Why it matters:Misunderstanding this leads to unexpected slow queries and difficulty optimizing.
Quick: Can subqueries replace all joins? Commit to yes or no.
Common Belief:Subqueries can always replace joins without any difference.
Tap to reveal reality
Reality:Some queries are more naturally and efficiently expressed with joins; subqueries are not always a substitute.

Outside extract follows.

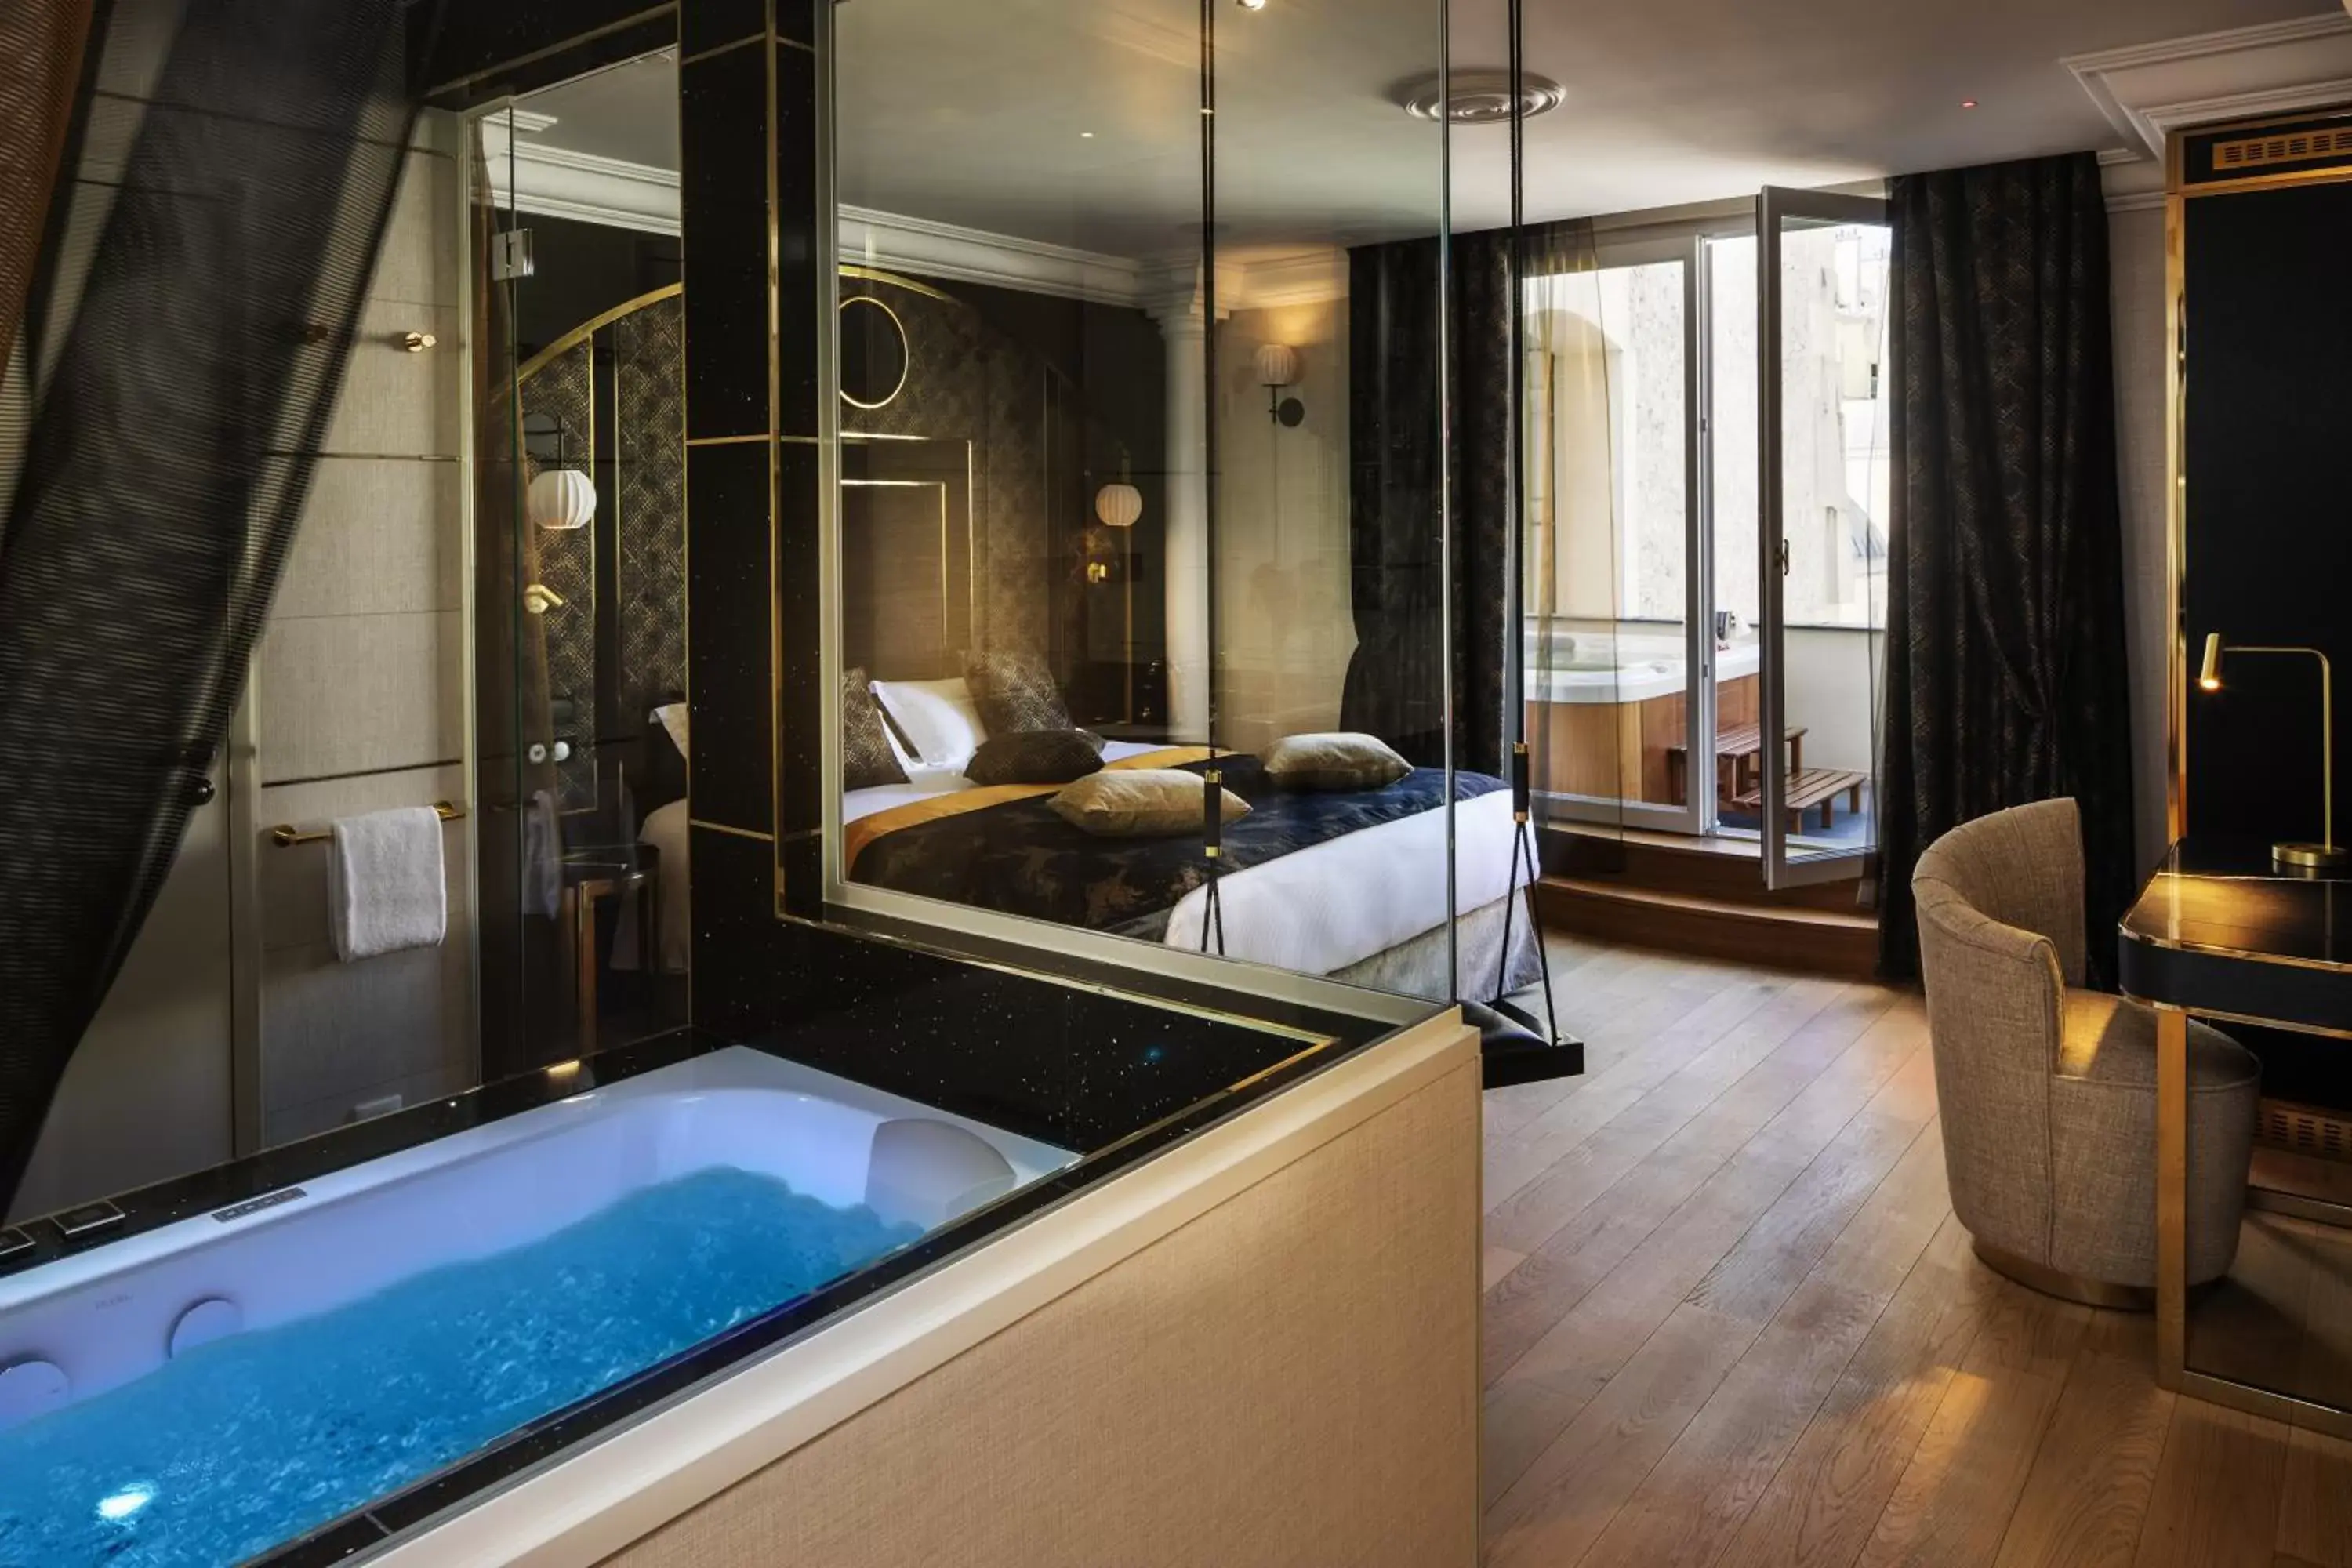 Bathroom in Paris j'Adore Hotel & Spa

Why it matters:Using subqueries blindly can make queries harder to read and slower.
Expert Zone
1
Some correlated subqueries can be internally transformed by PostgreSQL into joins for better performance, but this depends on query structure.
2
Using WITH (Common Table Expressions) can make complex subqueries more readable and sometimes optimize execution by materializing results.
3
Subqueries in SELECT that return multiple rows cause errors; understanding scalar vs set-returning subqueries is key for advanced query writing.
When NOT to use
Avoid subqueries when performance is critical and the same result can be achieved with joins or window functions. For large datasets, correlated subqueries often slow down queries. Instead, use JOINs, CTEs, or window functions for better efficiency.
Production Patterns
In real systems, subqueries are used for filtering based on aggregated data, calculating per-row metrics, and isolating complex logic. Developers often combine subqueries with CTEs for clarity and maintainability. Query planners in PostgreSQL optimize many subqueries, but understanding when to rewrite them is crucial for production performance.
Connections
Functional Programming
Subqueries are like nested function calls where one function's output feeds another.

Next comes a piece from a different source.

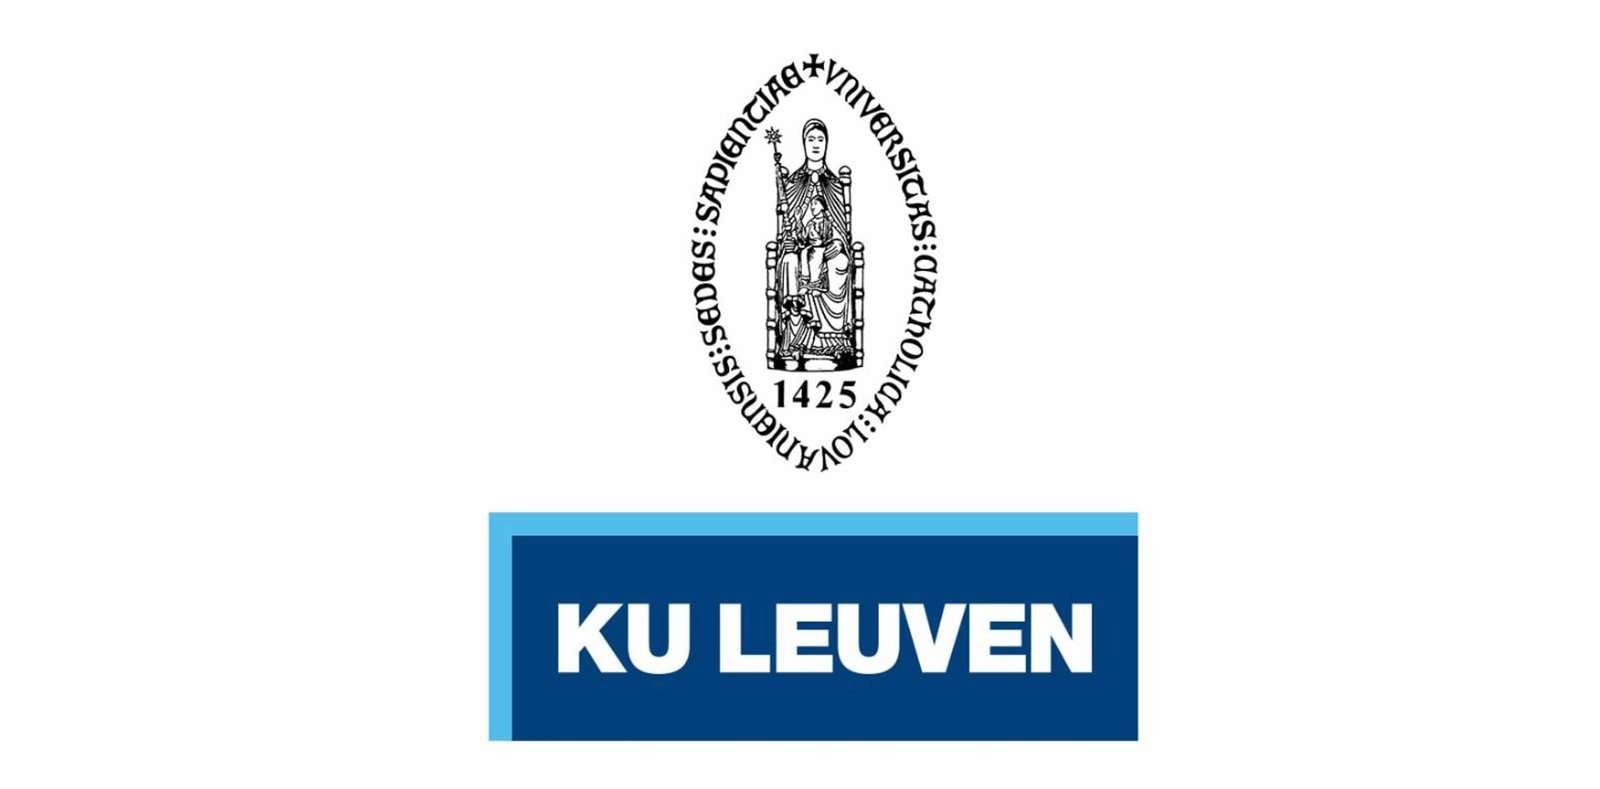 Fully Funded PhD Programs at KU Leuven

Understanding subqueries as nested operations helps grasp how data flows and dependencies work in queries.
Mathematical Set Theory
Subqueries often represent subsets or filtered sets used within larger sets.
Knowing set operations clarifies how subqueries filter or aggregate data within the whole dataset.
Project Management
Breaking a big task into smaller subtasks mirrors how subqueries break complex queries into parts.
Seeing subqueries as modular steps helps appreciate their role in managing complexity.
Common Pitfalls
#1Using a subquery in WHERE that returns multiple columns.
Wrong approach:SELECT name FROM customers WHERE (SELECT id, age FROM orders) = customers.id;
Correct approach:SELECT name FROM customers WHERE id IN (SELECT customer_id FROM orders);
Root cause:Misunderstanding that WHERE expects a single column or value for comparison.
#2Writing a correlated subquery that causes slow performance.
Wrong approach:SELECT name FROM customers WHERE EXISTS (SELECT 1 FROM orders WHERE orders.customer_id = customers.id AND orders.total > 100);
Correct approach:WITH expensive_orders AS (SELECT DISTINCT customer_id FROM orders WHERE total > 100) SELECT name FROM customers JOIN expensive_orders ON customers.id = expensive_orders.customer_id;
Root cause:Not realizing correlated subqueries run once per row, causing inefficiency.
#3Expecting subqueries to always run before outer query.
Wrong approach:Assuming SELECT * FROM customers WHERE id = (SELECT max(id) FROM customers); runs subquery once but using correlated subquery instead.
Correct approach:SELECT * FROM customers WHERE id = (SELECT max(id) FROM customers);
Root cause:Confusing correlated and non-correlated subqueries and their execution timing.
Key Takeaways
Subqueries let you ask layered questions by embedding one query inside another.
They make complex data retrieval easier to write and understand by breaking problems into parts.
Subqueries can appear in WHERE, FROM, or SELECT clauses, each serving different purposes.
Understanding correlated versus non-correlated subqueries is key to writing efficient queries.
Knowing when to use subqueries versus joins or CTEs helps optimize performance in real databases.